Conclusions: Syphilis was common, associated with HIV infection, and less responsive to therapy in those with initial RPR titers ≤1:8. HIV infection did not affect syphilis treatment success rates.
INFECTION WITH OTHER SEXUALLY transmitted diseases (STDs) has been shown to increase the risk of HIV transmission.1–3 This association is particularly apparent among ulcerative infections such as herpes simplex virus type 2, chancroid, and syphilis, in which HIV transmission is increased two to five times secondary to increased viral shedding and facilitated virus entry.4,5 Improved STD management is efficacious in reducing HIV transmission in certain populations.6
Primary syphilis, the result of infection with the spirochete Treponema pallidum, typically results in a painless ulcer at the site of infection approximately 3 weeks after exposure.7 If untreated, systemic spread may lead to the development of secondary syphilis, which associated with fever, lymphadenopathy, and diffuse rash. Symptoms often resolve spontaneously despite continued presence and replication of the organism with occasional relapses up to 5 years later.8 Latent syphilis, the persistence of positive serology tests without symptoms, may be divided into early and late, with early–latent syphilis delineated as infection within the past year and late–latent as infection of greater than a year (or unknown) duration. Tertiary syphilis, with a lifetime incidence of approximately 25% among those not treated at an earlier stage, encompasses the major complications of untreated infection and is manifest most commonly as neurosyphilis, cardiovascular syphilis, or gummatous syphilis.8 Syphilis infection in pregnant women carries the additional danger of congenital syphilis.7
The treatment of syphilis remains part science and part professional habit. Despite being the treatment of choice for decades, penicillin remains extremely active against T. pallidum. Although not backed by major comparison studies on dosages or regimens, the Centers for Disease Control and Prevention (CDC) recommends a single-dose, 2.4-million unit (MU) penicillin benzathine G intramuscular injection or 2 weeks of a tetracycline for early syphilis and three consecutive weekly penicillin injections for late–latent and tertiary syphilis. Internationally, there does not exist a treatment consensus, because regimens and medications vary by region.9 Treatment is judged to be successful with at least a fourfold decline in nontreponemal antibody titer in 6 to 12 months with early syphilis and 12 to 24 months in late syphilis.7 A recent pilot study examining the efficacy of azithromycin for the treatment of early syphilis demonstrated cure rates for a single benzathine penicillin injection of 86% and 100% at 3 and 9 months, respectively, compared with 88% and 100% for 2 g single-dose oral azithromycin.10
Syphilis rates in South America differ by country and population,11–16 from 28% among female sex workers in urban Guyana17 and 13% among female sex workers in Buenos Aires,18 to 3% among pregnant women in Brazil19 and 1% among blood donors in Ecuador, Chile, and Venezuela.20
Likewise, estimates of syphilis prevalence in Peru vary widely: 1.0% among blood donors,21 1.7% among young job applicants and students,22 3.2% among unregistered prostitutes,23 16.0% among men who have sex with men (MSM),24 and 18% among HIV-positive men.25 Although total visits to private clinics for syphilis have not appreciably increased for the past 15 years,26 the number of reported cases of congenital syphilis increased from 266 to 629 between 1999 and 2000.21
The rate of HIV infection in Peru among the general population is 0.2%,21 but rates as high as 18.5% have been found in populations of MSM.24 Because 95% of all HIV infections in Peru are transmitted sexually,21 understanding the prevalence of syphilis and its facultative relationship with HIV infection is important. As such, syphilis remains a substantial public health problem in Peru, particularly among high-risk populations, underscoring the need for effective surveillance and treatment.

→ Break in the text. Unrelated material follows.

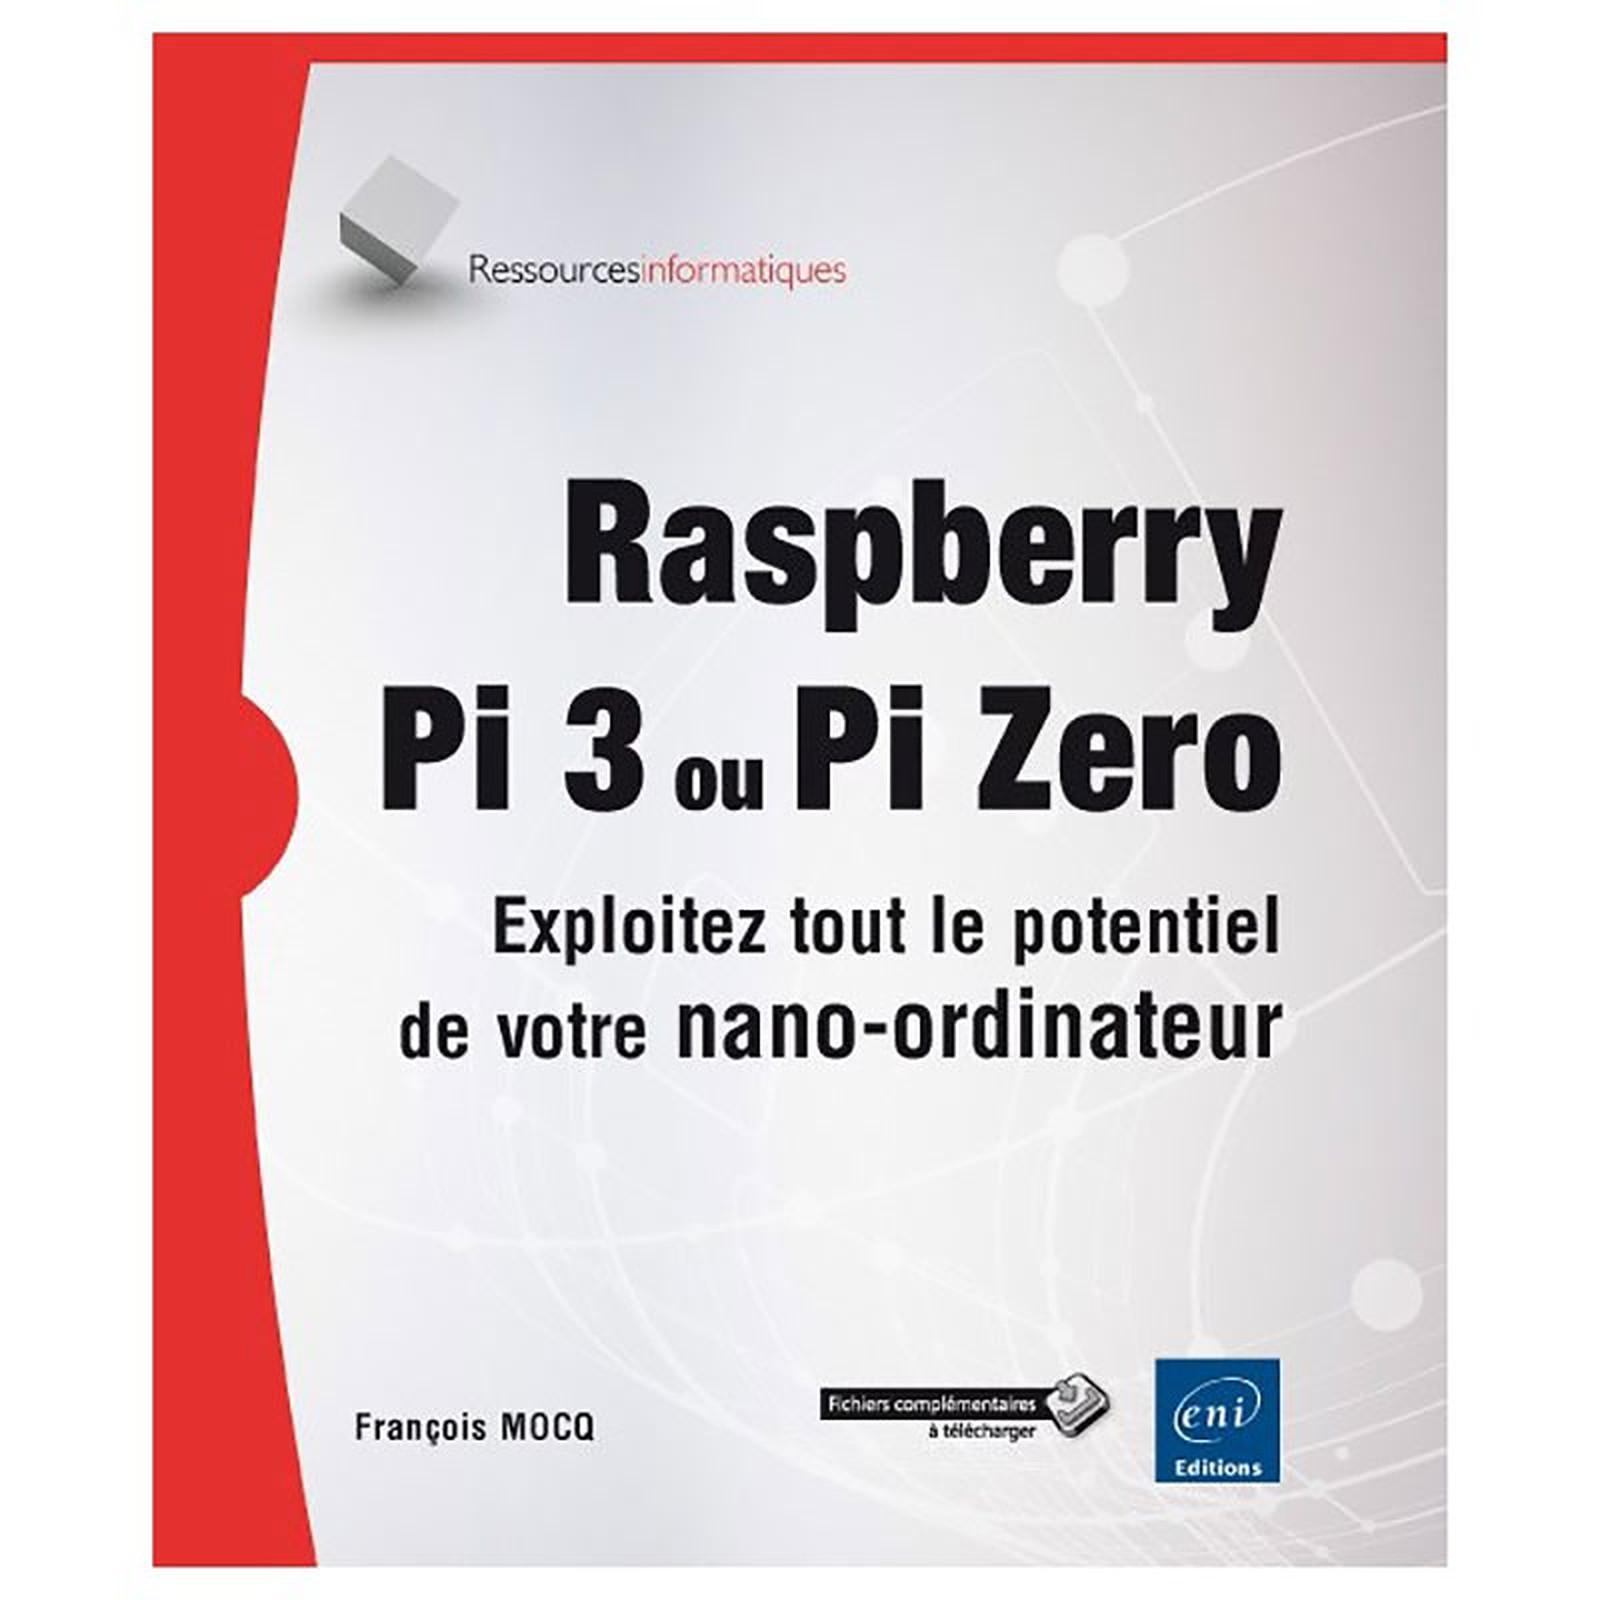 ENI Editions - Raspberry Pi 3 ou PI Zero

As part of a large, community-based, multinational STD/HIV prevention trial, we explored the relationship of treatment modality, HIV status, and initial nontreponemal antibody titer to serologic response to syphilis treatment.
Materials and Methods
Study Design and Subjects
The National Institute of Mental Health Collaborative HIV/STD Prevention Trial was a cohort study conducted in three large cities in Peru among men and women aged 18 to 40 years. Each city was made up of a number of sites based on their respective populations: Lima (20 sites), Chiclayo (6), and Trujillo (4).
Recruitment was conducted (May–July 2003) in microvenues of low-income neighborhoods such as bars, pool halls, soccer fields, and street corners where men and women, who were part of the target population at high risk for HIV and STDs, congregate. Study recruiters screened potential participants among patrons at the microvenues and surroundings. To qualify for the study, participants aged 18 to 40 years had to live in the neighborhood and frequent the microvenues at least twice a week. One of every three individuals who qualified was asked to participate; an appointment was made for an interview and specimen collection of willing participants. The sample size was 50 participants from each of the 30 venues.
Temporary offices were established in each of the venues to accommodate study participants who were assigned study appointments. After signing the informed consent document, participants were interviewed, submitted blood samples for biologic testing, underwent assessment for current STD symptoms, and received counseling and educational materials related to STDs. All participants were given 25 soles (approximately $7 U.S.) for their participation.
Approximately 15 mL of venous blood was collected for testing for HIV infection, syphilis, and herpes simplex virus type 2. Participants testing positive for syphilis were asked to return 4, 8, and 12 months later to monitor treatment efficacy through serial rapid plasma reagin (RPR) nontreponemal antibody titer measurements.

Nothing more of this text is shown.